How to set up on-chain governance

In this guide we will learn how OpenZeppelin’s Govenor contract works, how to set it up, and how to use it to create proposals, vote for them, and execute them, using tools provided by Ethers.js and Tally.

Find detailed contract documentation at Governance API.

Introduction

Decentralized protocols are in constant evolution from the moment they are publicly released. Often, the initial team retains control of this evolution in the first stages, but eventually delegates it to a community of stakeholders. The process by which this community makes decisions is called on-chain governance, and it has become a central component of decentralized protocols, fueling varied decisions such as parameter tweaking, smart contract upgrades, integrations with other protocols, treasury management, grants, etc.

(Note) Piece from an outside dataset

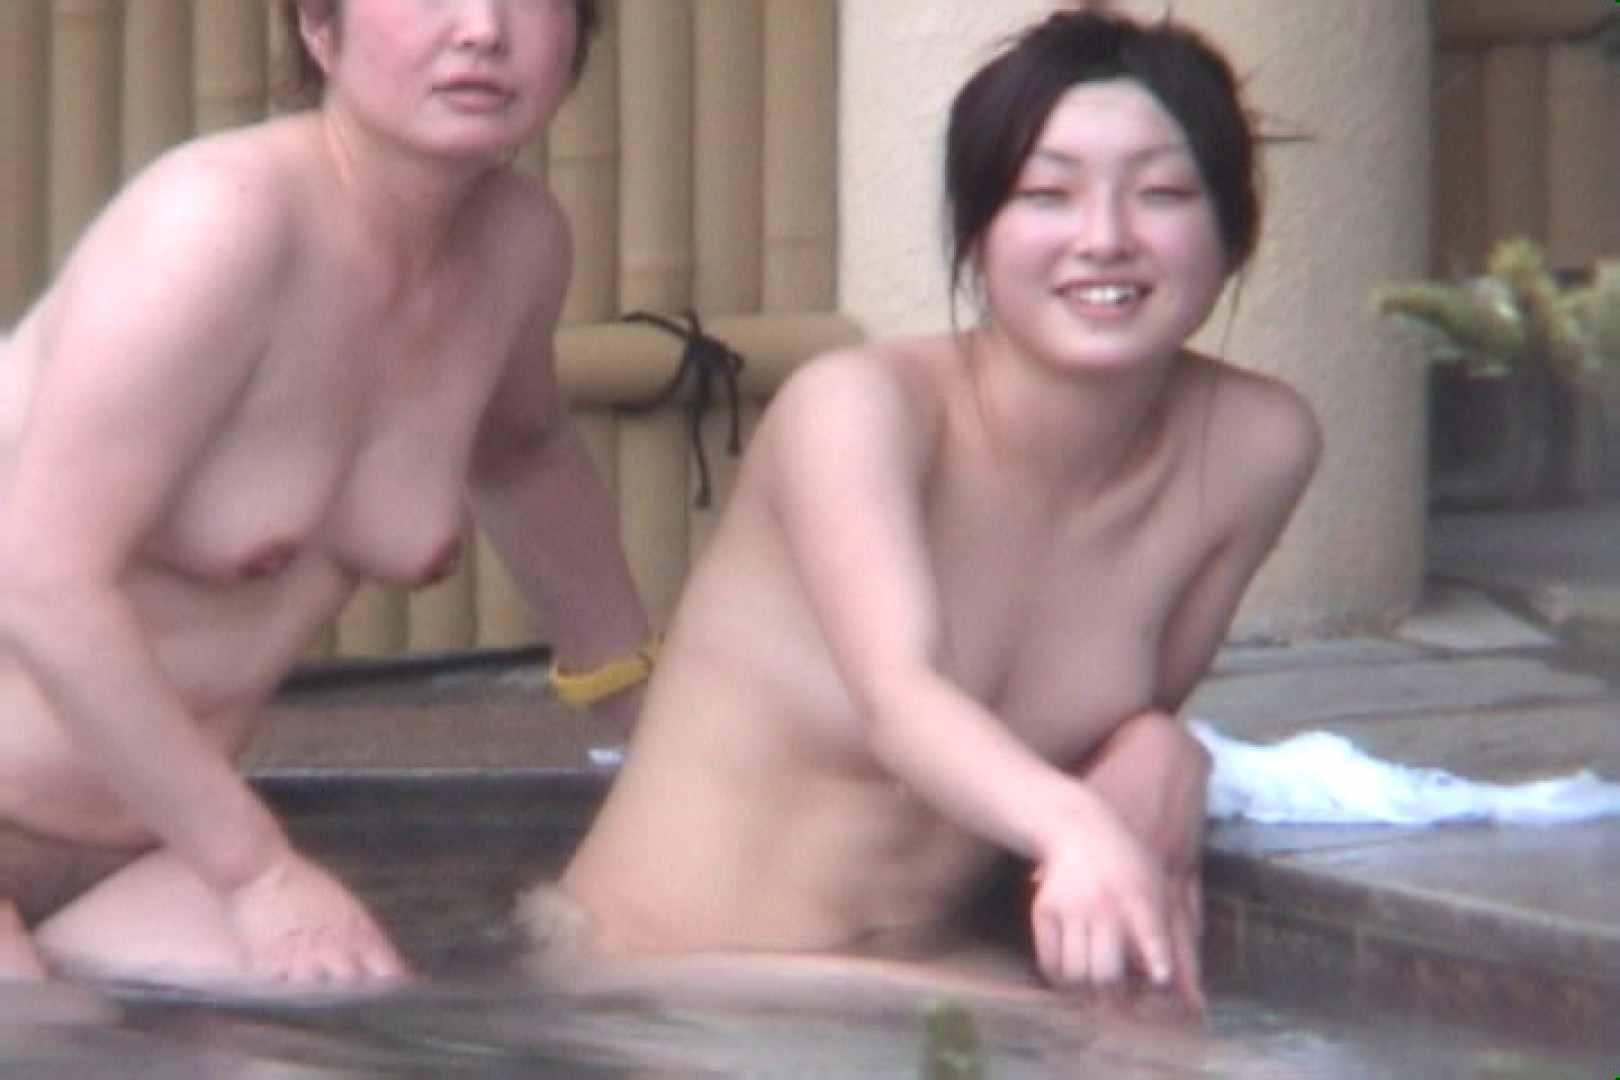 Aquaな露天風呂Vol.44【VIP限定】 盗撮大放出 セックス画像 72連発 8

This governance protocol is generally implemented in a special-purpose contract called “Governor”. The GovernorAlpha and GovernorBravo contracts designed by Compound have been very successful and popular so far, with the downside that projects with different requirements have had to fork the code to customize it for their needs, which can pose a high risk of introducing security issues. For OpenZeppelin Contracts, we set out to build a modular system of Governor contracts so that forking is not needed, and different requirements can be accommodated by writing small modules using Solidity inheritance. You will find the most common requirements out of the box in OpenZeppelin Contracts, but writing additional ones is simple, and we will be adding new features as requested by the community in future releases. Additionally, the design of OpenZeppelin Governor requires minimal use of storage and results in more gas efficient operation.

Compatibility

OpenZeppelin’s Governor system was designed with a concern for compatibility with existing systems that were based on Compound’s GovernorAlpha and GovernorBravo. Because of this, you will find that many modules are presented in two variants, one of which is built for compatibility with those systems.

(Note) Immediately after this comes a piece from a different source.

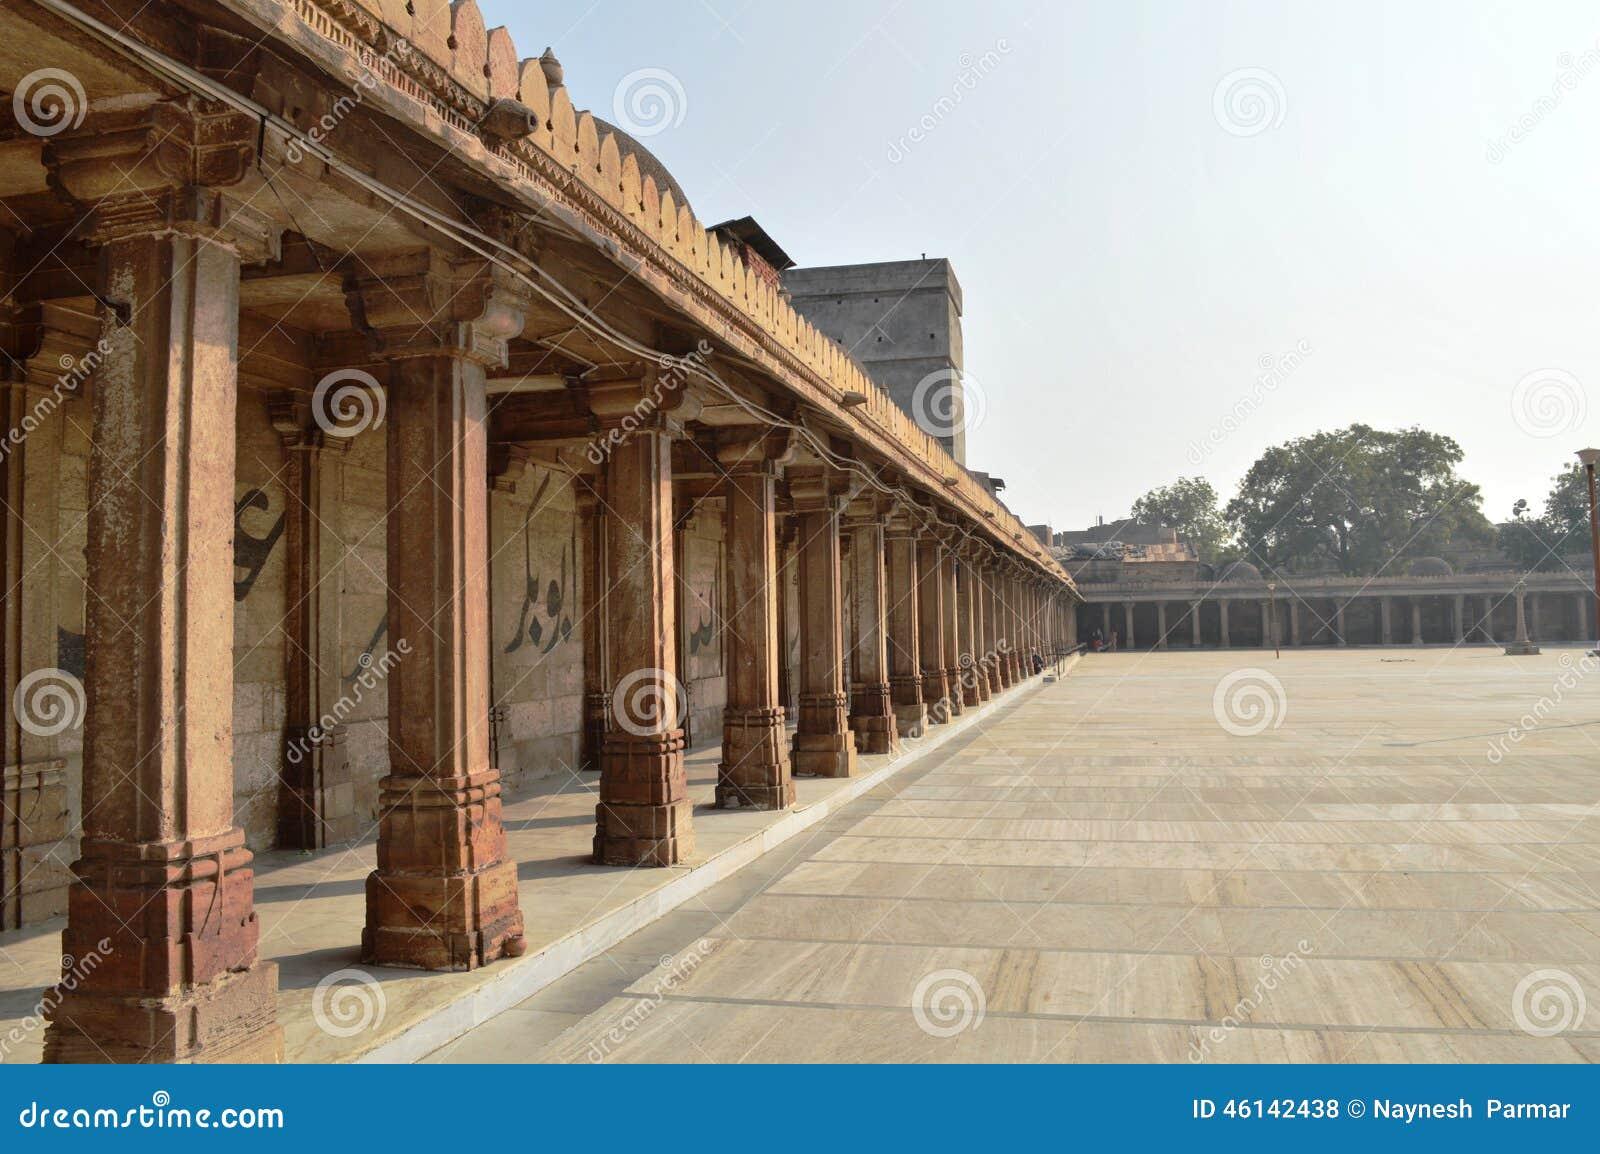 Jama Masjid Ahmedabad Stock Photo Image Of Gandhi More 46142438

ERC20Votes & ERC20VotesComp

The ERC20 extension to keep track of votes and vote delegation is one such case. The shorter one is the more generic version because it can support token supplies greater than 2^96, while the “Comp” variant is limited in that regard, but exactly fits the interface of the COMP token that is used by GovernorAlpha and Bravo. Both contract variants share the same events, so they are fully compatible when looking at events only.

Governor & GovernorCompatibilityBravo

An OpenZeppelin Governor contract is by default not interface-compatible with GovernorAlpha or Bravo, since some of the functions are different or missing, although it shares all of the same events. However, it’s possible to opt in to full compatibility by inheriting from the GovernorCompatibilityBravo module. The contract will be cheaper to deploy and use without this module.

GovernorTimelockControl & GovernorTimelockCompound

When using a timelock with your Governor contract, you can use either OpenZeppelin’s TimelockController or Compound’s Timelock. Based on the choice of timelock, you should choose the corresponding Governor module: GovernorTimelockControl or GovernorTimelockCompound respectively. This allows you to migrate an existing GovernorAlpha instance to an OpenZeppelin-based Governor without changing the timelock in use.

Tally

Tally is a full-fledged application for user owned on-chain governance. It comprises a voting dashboard, proposal creation wizard, real time research and analysis, and educational content.

For all of these options, the Governor will be compatible with Tally: users will be able to create proposals, visualize voting power and advocates, navigate proposals, and cast votes. For proposal creation in particular, projects can also use Defender Admin as an alternative interface.

In the rest of this guide, we will focus on a fresh deploy of the vanilla OpenZeppelin Governor features without concern for compatibility with GovernorAlpha or Bravo.

Setup

Token

The voting power of each account in our governance setup will be determined by an ERC20 token. The token has to implement the ERC20Votes extension. This extension will keep track of historical balances so that voting power is retrieved from past snapshots rather than current balance, which is an important protection that prevents double voting.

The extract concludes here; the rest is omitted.